Мама всегда мне твердила: чтобы установить контакт с собеседником, в первую очередь необходимо узнать его имя. А я вот уже дважды с ним разговаривала, и никакого контакта.
– Лев Аркадьевич, – почему-то ухмыльнулся хирург, словно видел меня насквозь. – Интересное у нас с вами общение получается, Богдана. Вы с удивительным упорством поставляете в больницу подстреленных неизвестно кем молодых людей, имен которых либо не знаете, либо знаете, но неверно. И которые, по некоторым признакам, влюблены в вас по гроб жизни. Не знаю, что обо всем этом думать, но сюжет складывается забавный.
Господи, вот я дура! О нашем с Сашкой вранье подумала, а обо всей ситуации в целом – нет. Не заготовила никаких объяснений. А сюжет в самом деле получается еще тот.
– Кого сегодня оперировали, я прекрасно знаю, – буркнула я. – Мы дружим с первого класса. А имя сказали другое, потому что врачи сразу начали бы звонить ему домой, а у него и так… все сложно дома.

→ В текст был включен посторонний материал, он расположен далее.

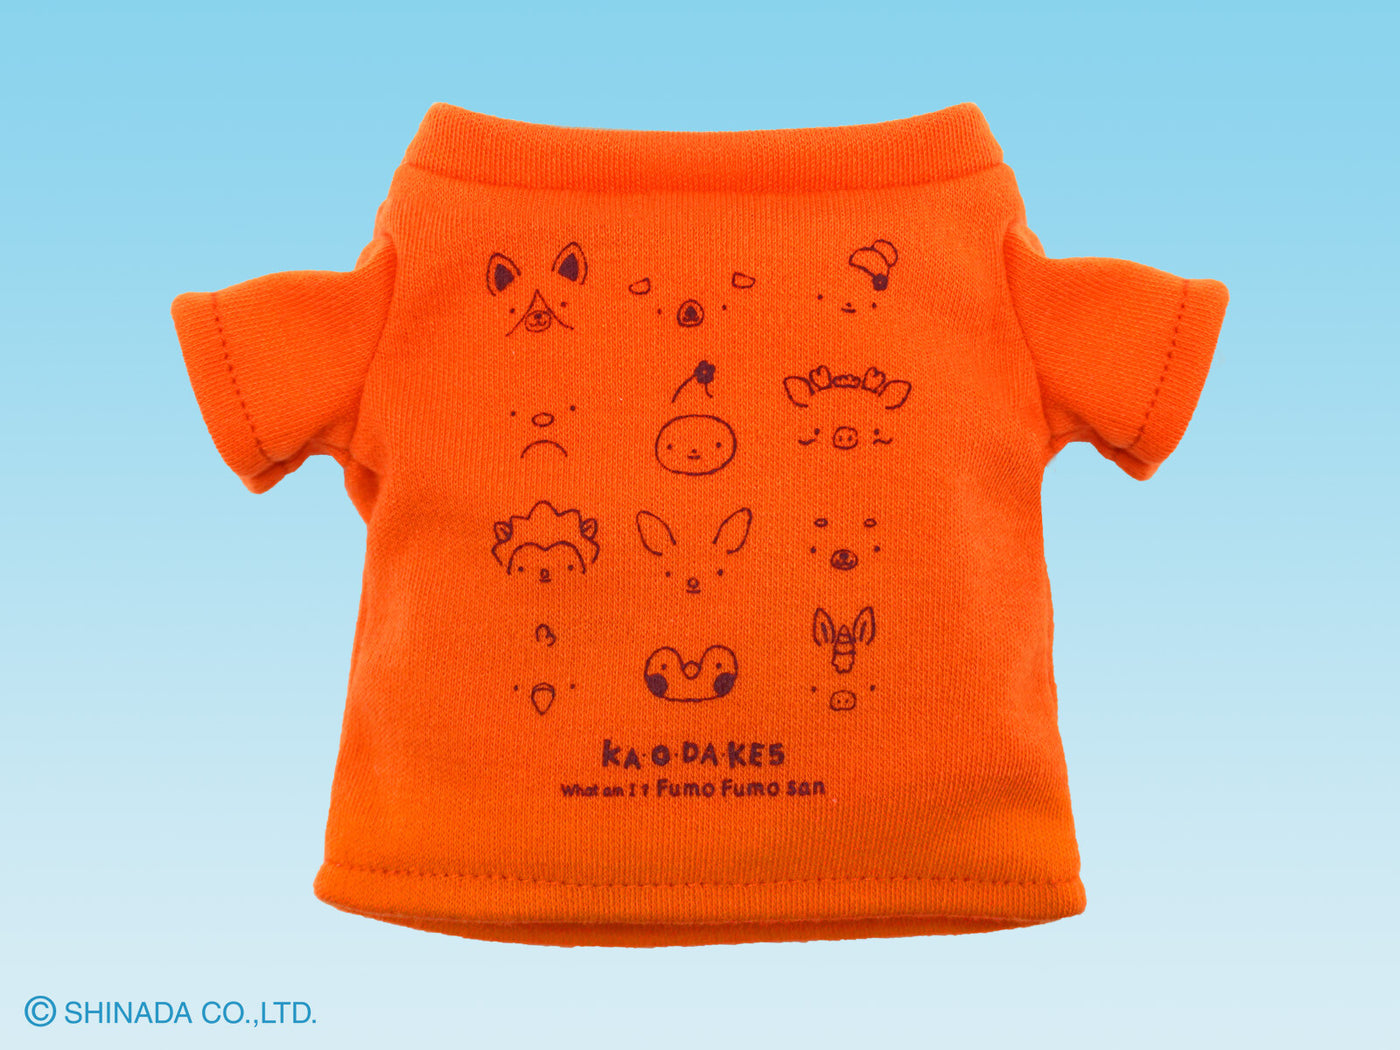 Mini T-shirt for Fumofumo San Plushies (various colours)

– Ага, сложно, понимаю, – закивал врач. – А криминогенная обстановка в нашем городе, похоже, еще сложней. Знаете, Богдана, до нашего знакомства я как-то даже не задумывался об этом, а сейчас вот ехал среди ночи в больницу, так сердце и замирало – не подстрелил бы кто. Или для этого нужно быть рядом с вами?
Я вздохнула, но промолчала. А что тут скажешь?
– Даже не буду спрашивать, что произошло, не хочу выслушивать новое вранье, – продолжал хирург. – На этот раз хоть ранение нормальное, пулевое. Но завтра вам придется общаться с дознавателями, и разговор, предвижу, будет нелегкий.